I swallow the guilt that sticks in my throat. God, I don’t deserve her. But at this point I’d do nearly anything to keep her. It’ll take me awhile to process all that she’s said, but I know enough to realize that every bit of it was a gift I haven’t earned. I lean across the table and kiss her gently on the mouth. “You’re so beautiful, short stack.”

She smiles and blushes. It slays me.

“Just never forget, families are strange beasts.”

She huffs a little. “You’re not kidding. You should see the crazy shit in Lush’s family.”

I immediately go on alert, every nerve in my body getting a little jolt of electricity. My mind flashes to images of standing onstsage at the Super Bowl.

“Yeah?” I ask as casually as possible, reaching over and grabbing a piece of edamame from her plate.

She slaps my hand but laughs. “Yeah, there’s some sort of weird secret about Mike’s mom, and there was a whole year in there where they were split up that no one ever talks about.”

My heart beats harder inside my chest. I can feel it, something that matters here. “Why?”

She has a little shiver. “I don’t know, but I get a really weird vibe about it all. It’s like ‘the year that shall not be named’.” She chuckles.

“So you think they’re not as squeaky clean as they seem?” I ask, as we both stand and I throw her trash away, taking her hand to help her climb over a low chain that separates the picnic area from the sidewalk.
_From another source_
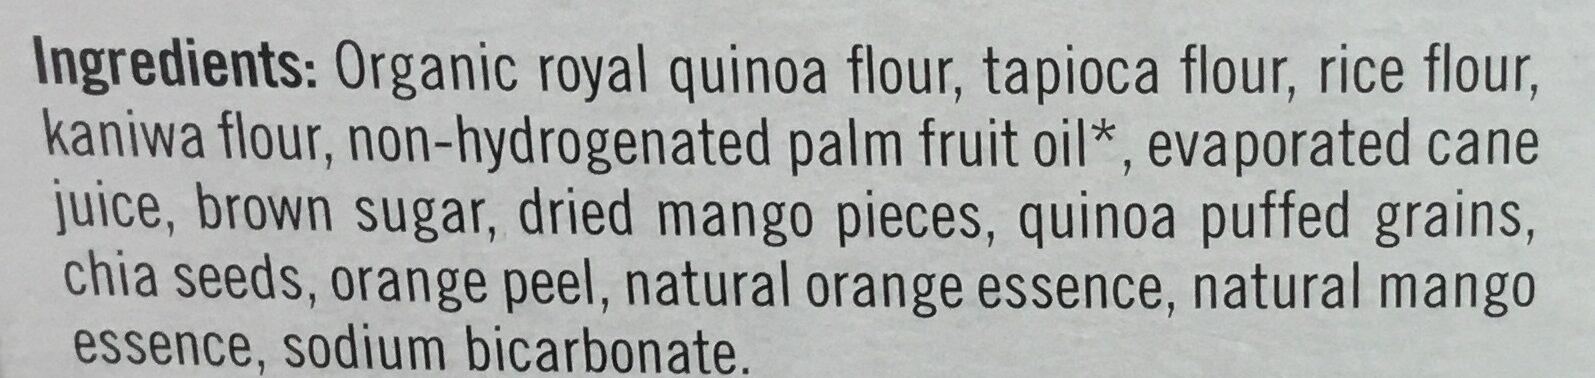 Biscuit de quinoa cookies orange et mangue - Ingredients - en

“I don’t know. As much as most rumors are based on something true, I can’t in a million years imagine that there would be anything really terrible there. We all know about Walsh’s drinking already, and they’re genuinely nice guys. Well, except for Mike, but you know.” She shrugs.

I nod. “Appearances can be deceiving.” Guilt twists inside of me and I have to look away from her for a moment.

“Maybe.” She sounds sad, and as much as I want to dig more to get the information, I don’t like hearing that disappointment in her so I switch tack.

“Hey, I saw an ice cream parlor a block or two down when we were driving in. Want me to buy you a sundae?”

Her frown disappears and she grabs my face and plants a quick smack on my lips. They tingle afterwards like I’ve been shocked.

“That sounds so perfect,” she answers. “Sometimes I think you’re too good to be true.”

Yes, appearances can truly be deceiving.